Oil dropped after a government report showed that U.S. crude inventories unexpectedly increased last week.
West Texas Intermediate fell as much as 3.6 percent in New York. Stockpiles climbed 7.27 million barrels to 387.2 million in the week ended Dec. 19, the Energy Information Administration said. The report was projected to show a 2.5 million-barrel decline, according to the median estimate in a Bloomberg survey of nine analysts.
Futures surged yesterday after Commerce Department data showed that the U.S. gross domestic product rose at a 5 percent annual rate from July through September, the most since 2003. Oil is heading for the biggest annual drop since 2008 amid a global glut exacerbated by the highest U.S. output in more than three decades.
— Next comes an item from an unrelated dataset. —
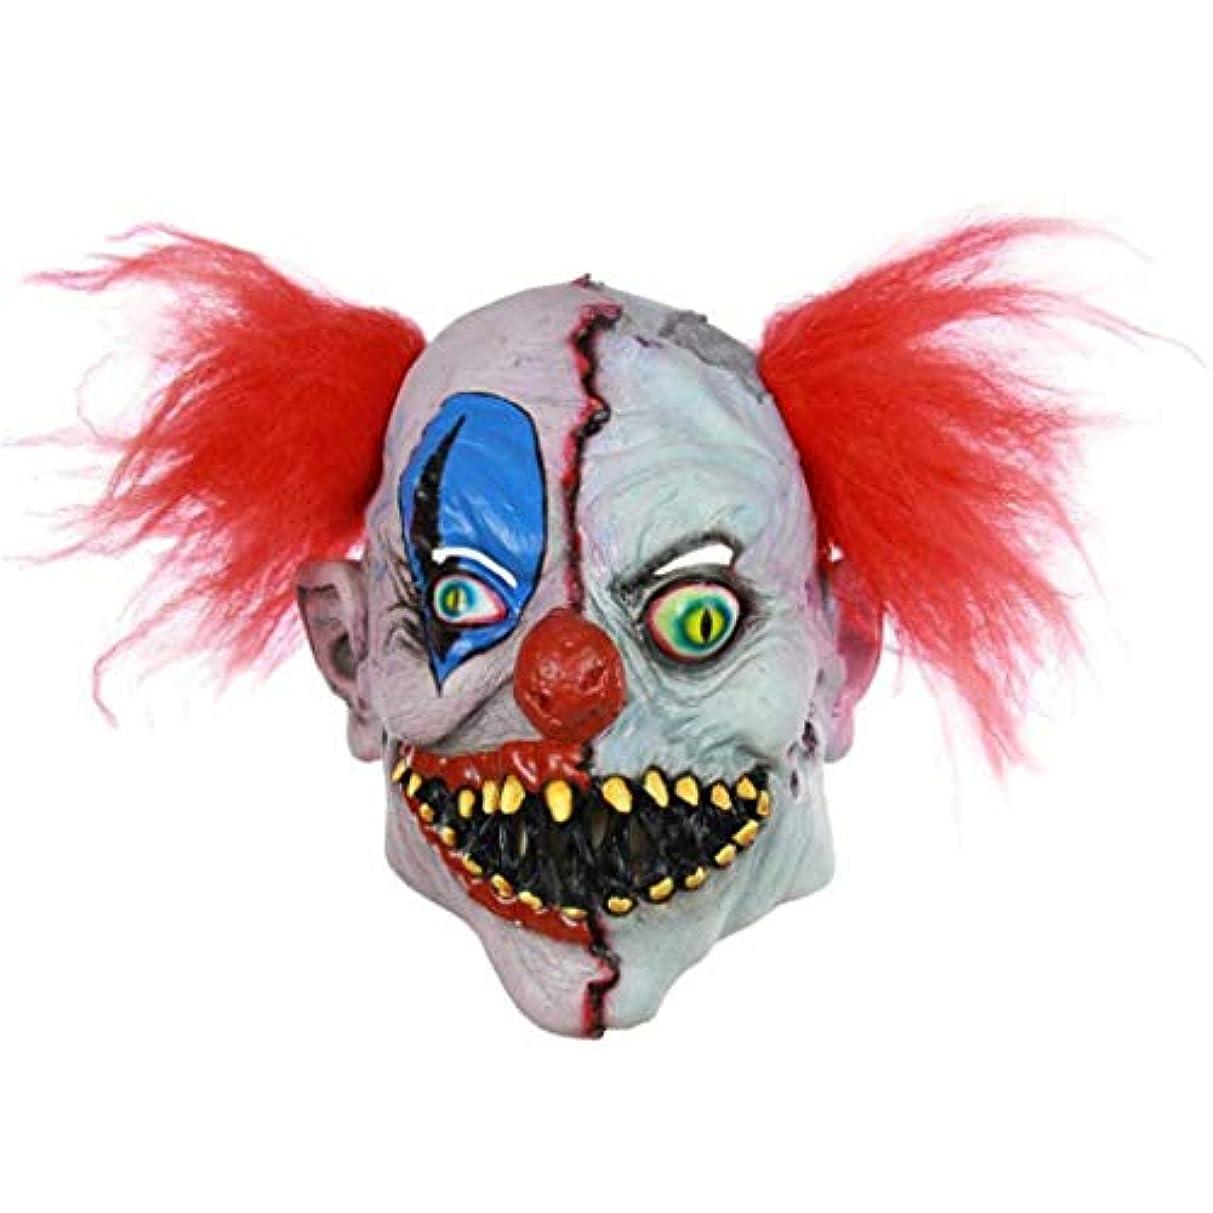 ハロウィンホラー腐った顔ピエロラテックスゴーストマスクしかめっ面マスクパーティーマスク映画小道具仮面舞踏会マスク

Prices have dropped about 20 percent since the Organization of Petroleum Exporting Countries decided Nov. 27 to maintain its output ceiling at 30 million barrels a day.
WTI for February delivery fell $1.80 to $55.32 a barrel at 10:31 a.m. on the New York Mercantile Exchange. The contract traded at $55.56 before the release of the report at 10:30 a.m. in Washington.
Brent for February settlement dropped $2.16, or 3.5 percent, to $59.53 a barrel on the London-based ICE Futures Europe exchange.